→ DATA PROVIDED
■ ■ ■

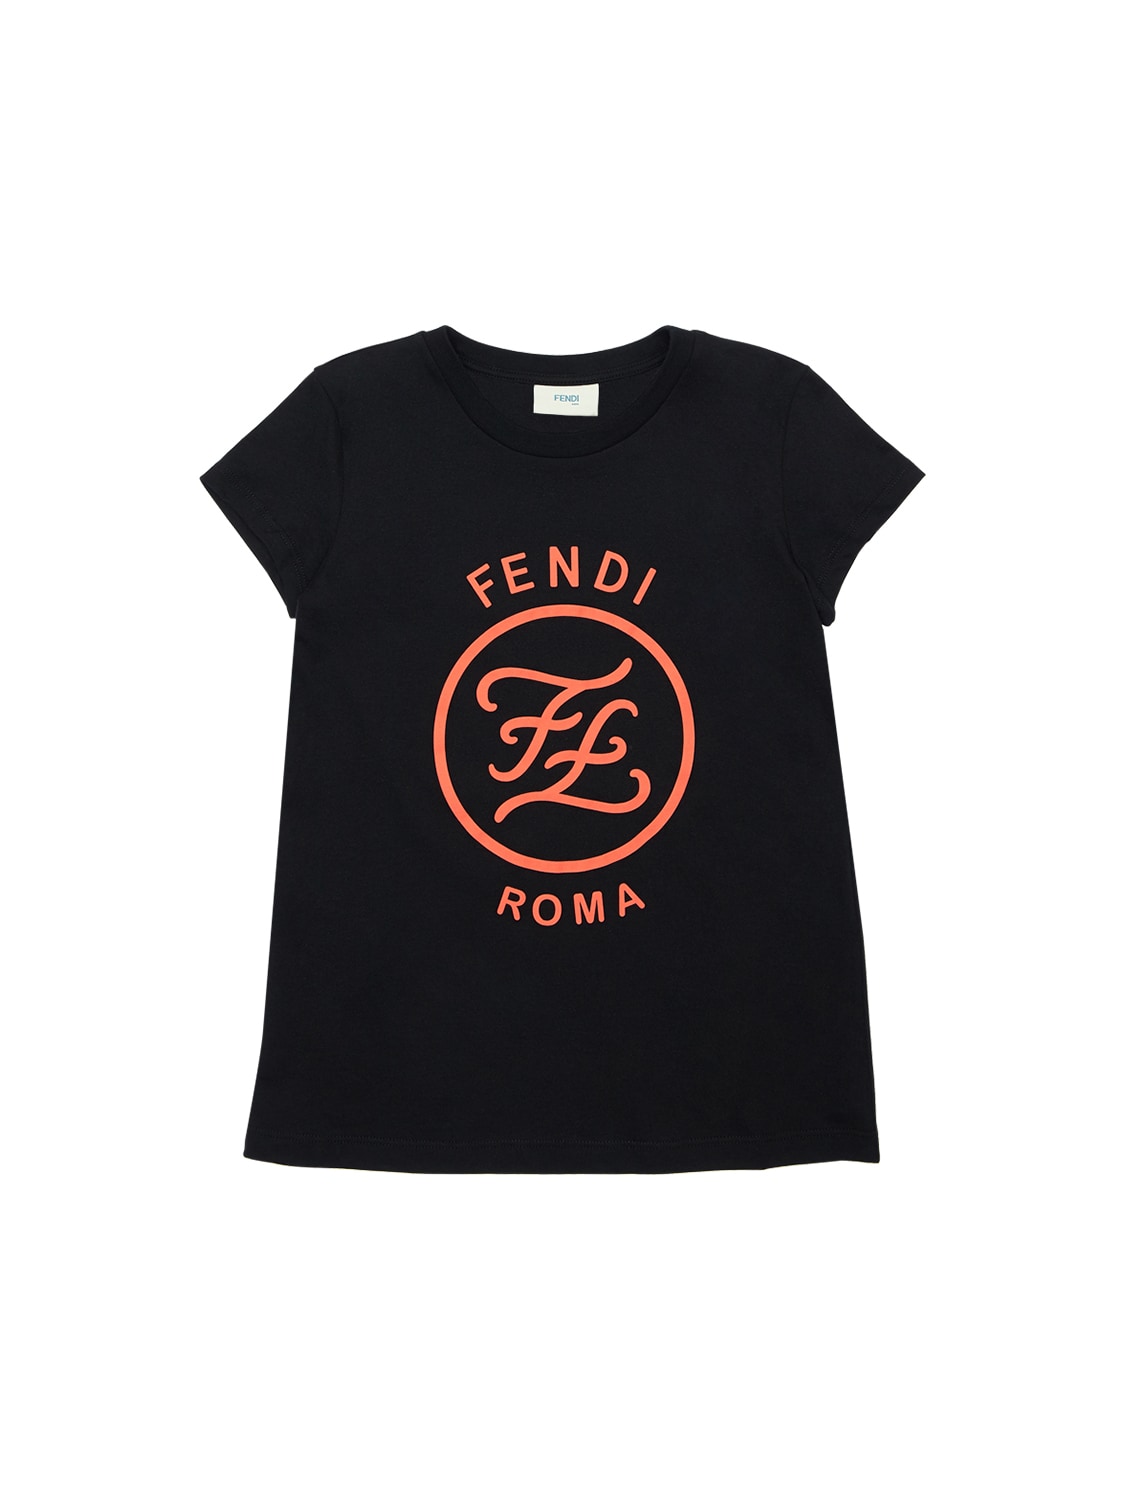 Fendi Kids' Rubberized Logo Cotton Jersey T-shirt In Black
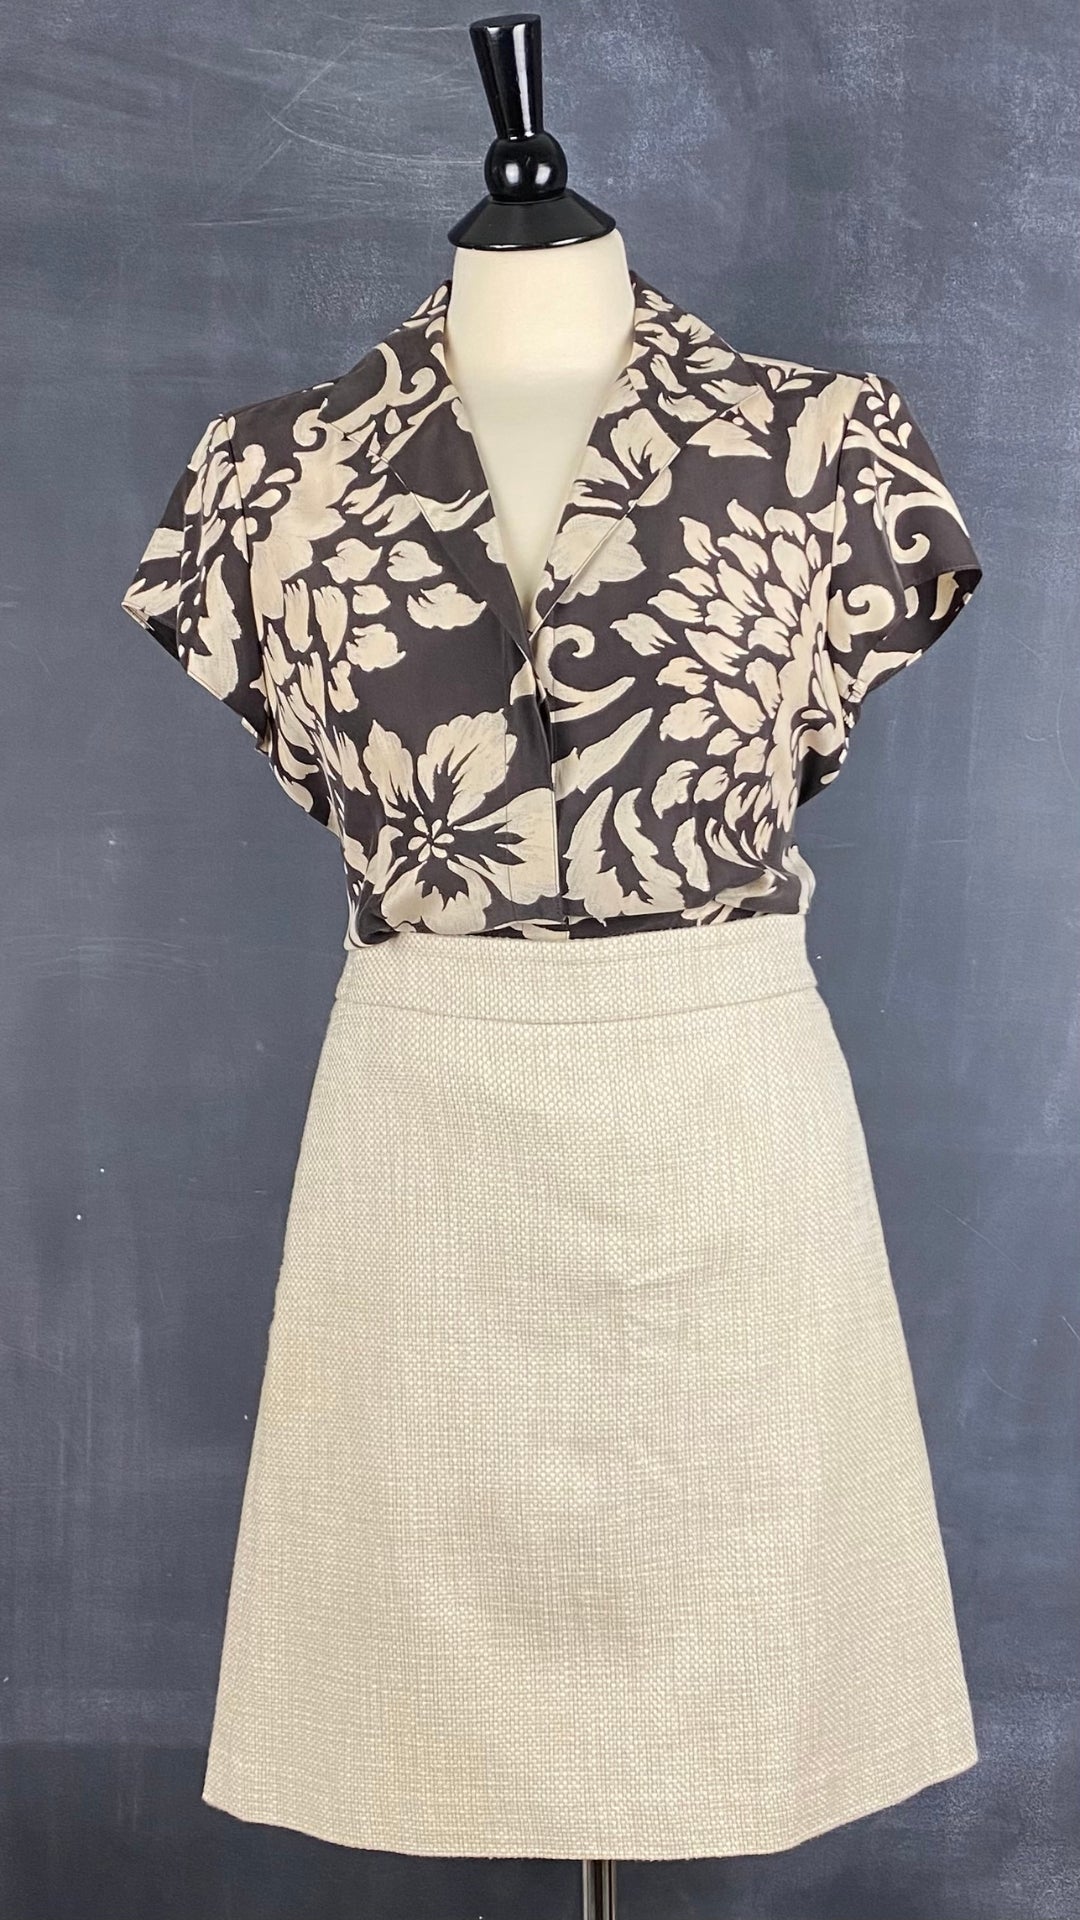 Chemisier floral en soie Jones New York, taille 6. Vue de l'agencement avec la jupe crème et sable en tweed.
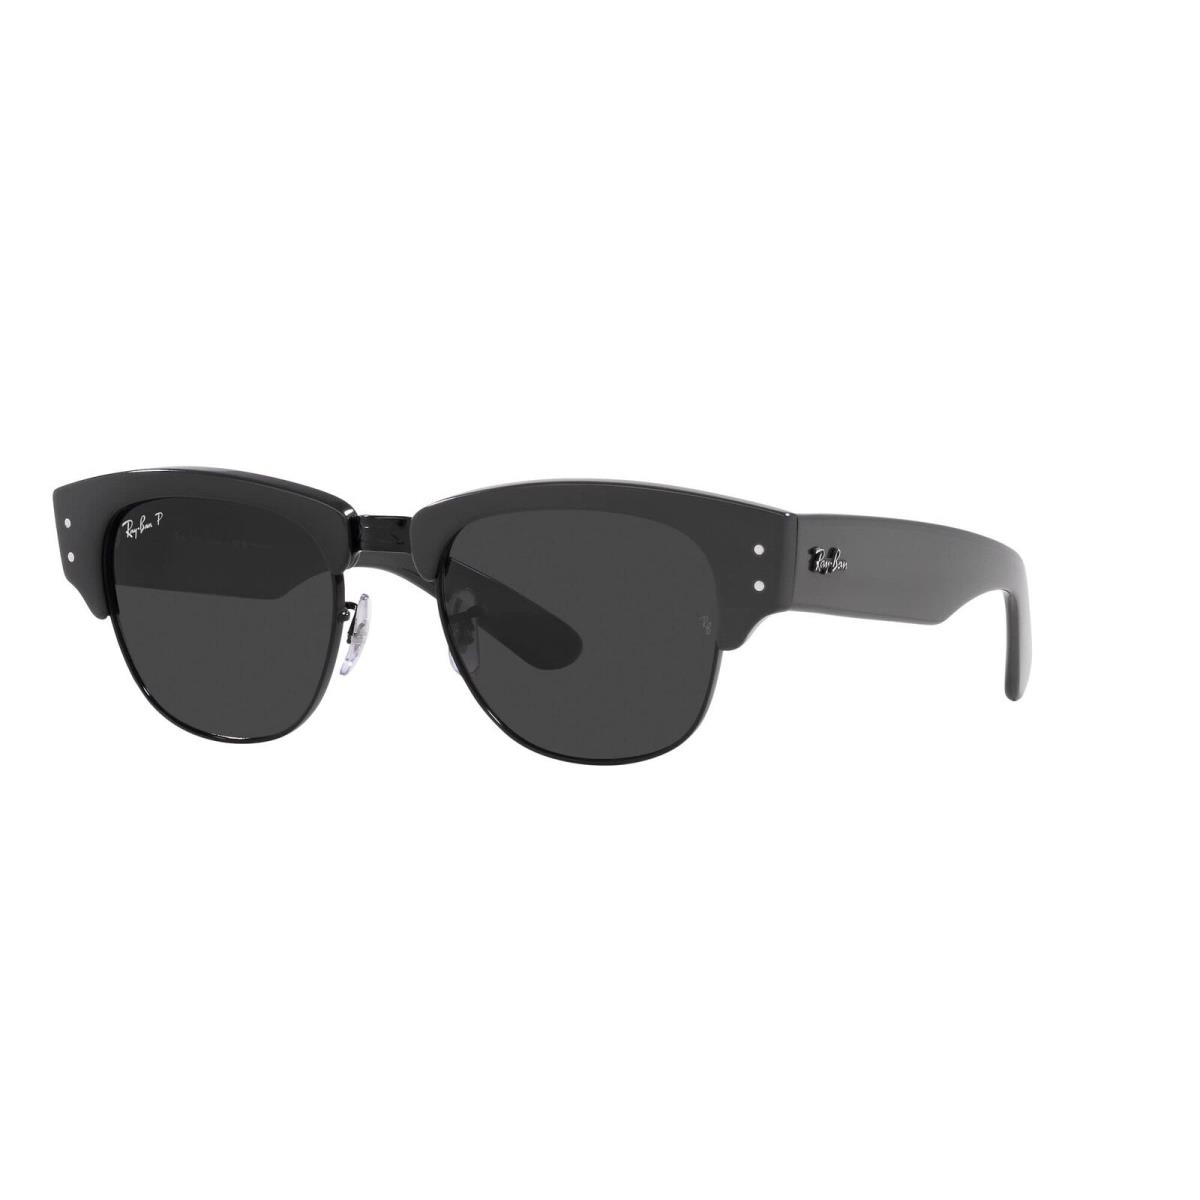 Ray-ban Unisex Sunglasses Grey On Black Frame Black Lenses 50MM
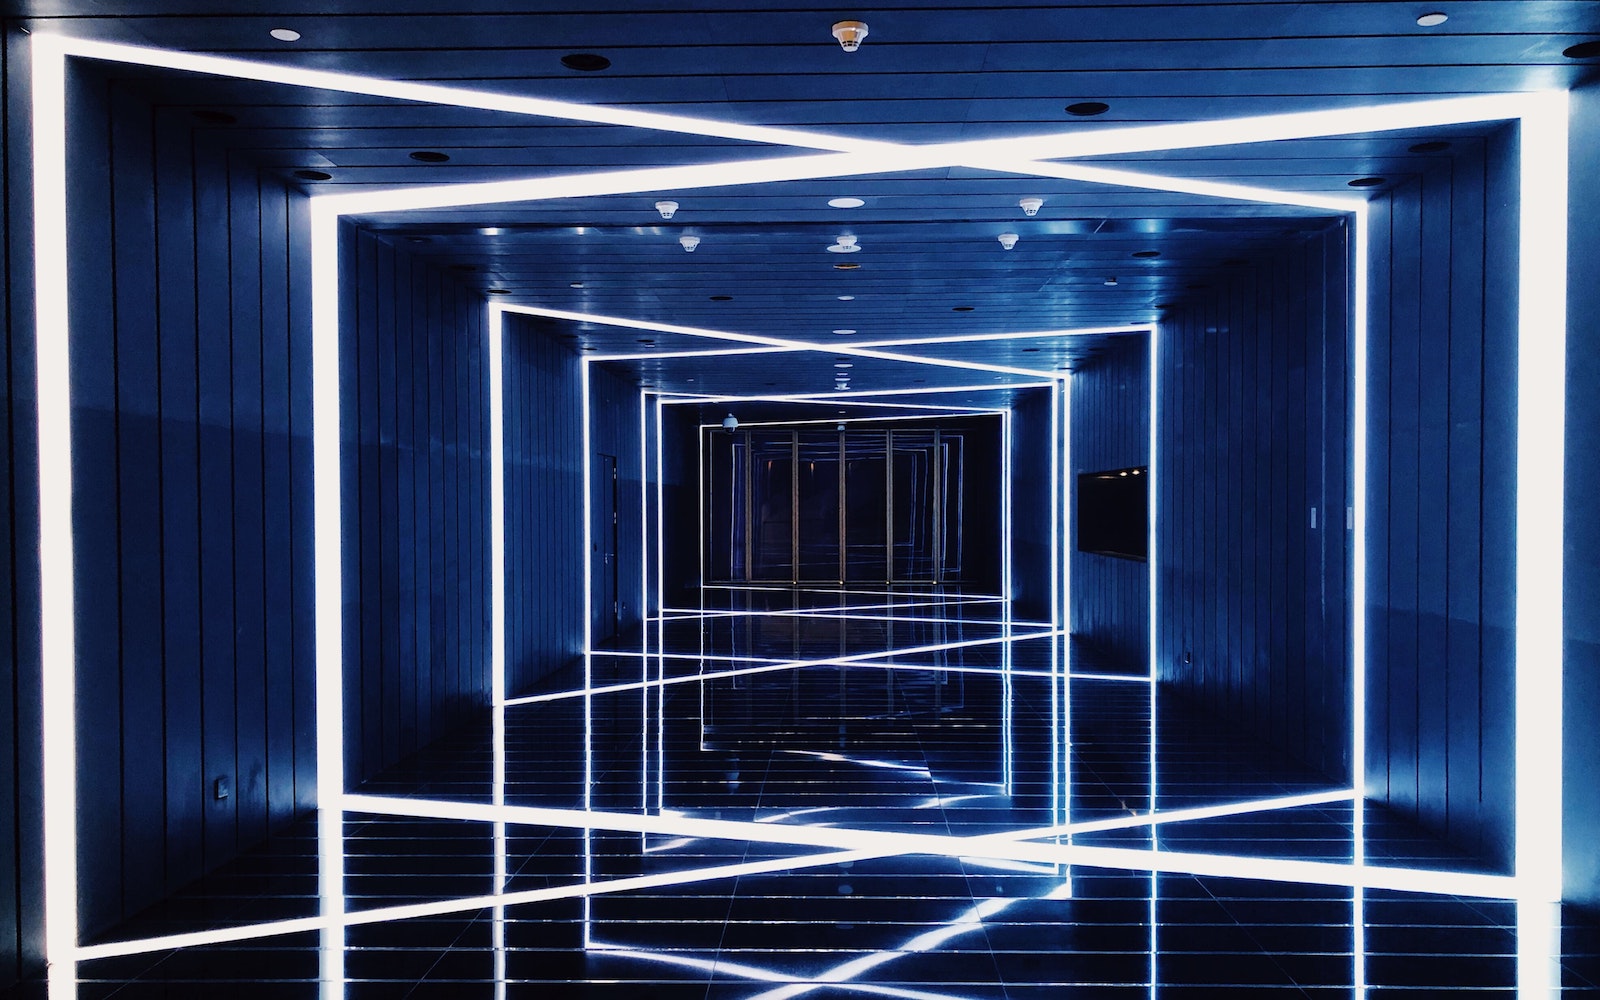 A corridor full of LED lighting
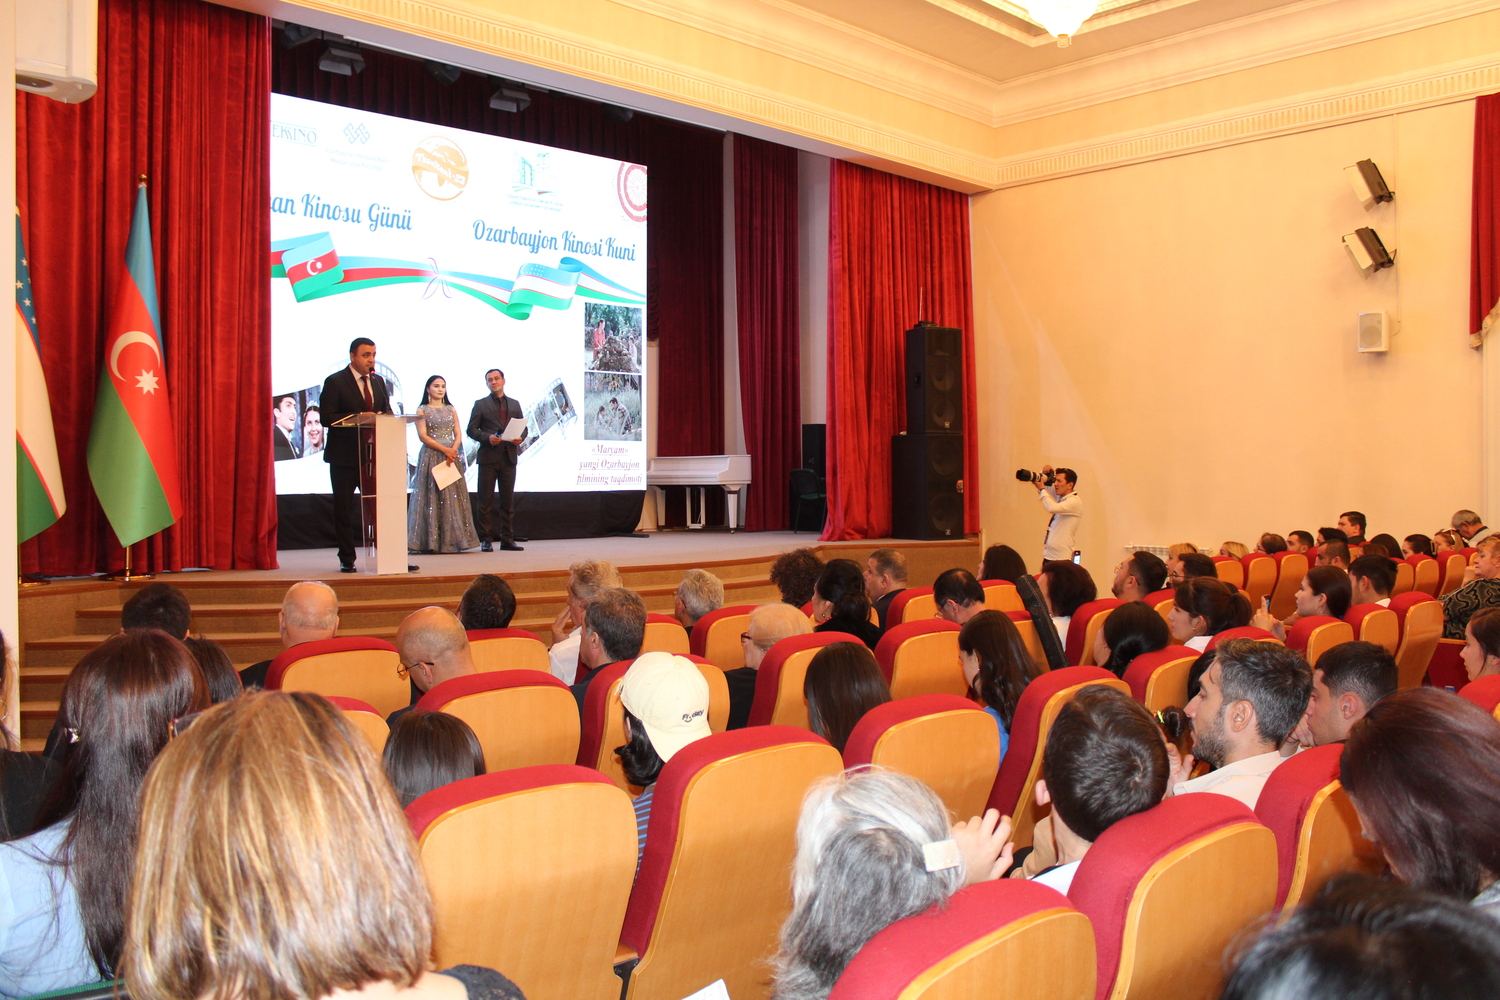 В Узбекистане состоялось открытие Дней азербайджанского кино (ФОТО)

■ ■ ■

→ TASK
The lines from the one containing "Ray-ban Unisex Sunglasses" to the last line of the records, both included: print exactly those and nothing else, leaving out any pictures.

→ YOUR RESPONSE
 Ray-ban Unisex Sunglasses Grey On Black Frame Black Lenses 50MM
 A corridor full of LED lighting
 В Узбекистане состоялось открытие Дней азербайджанского кино (ФОТО)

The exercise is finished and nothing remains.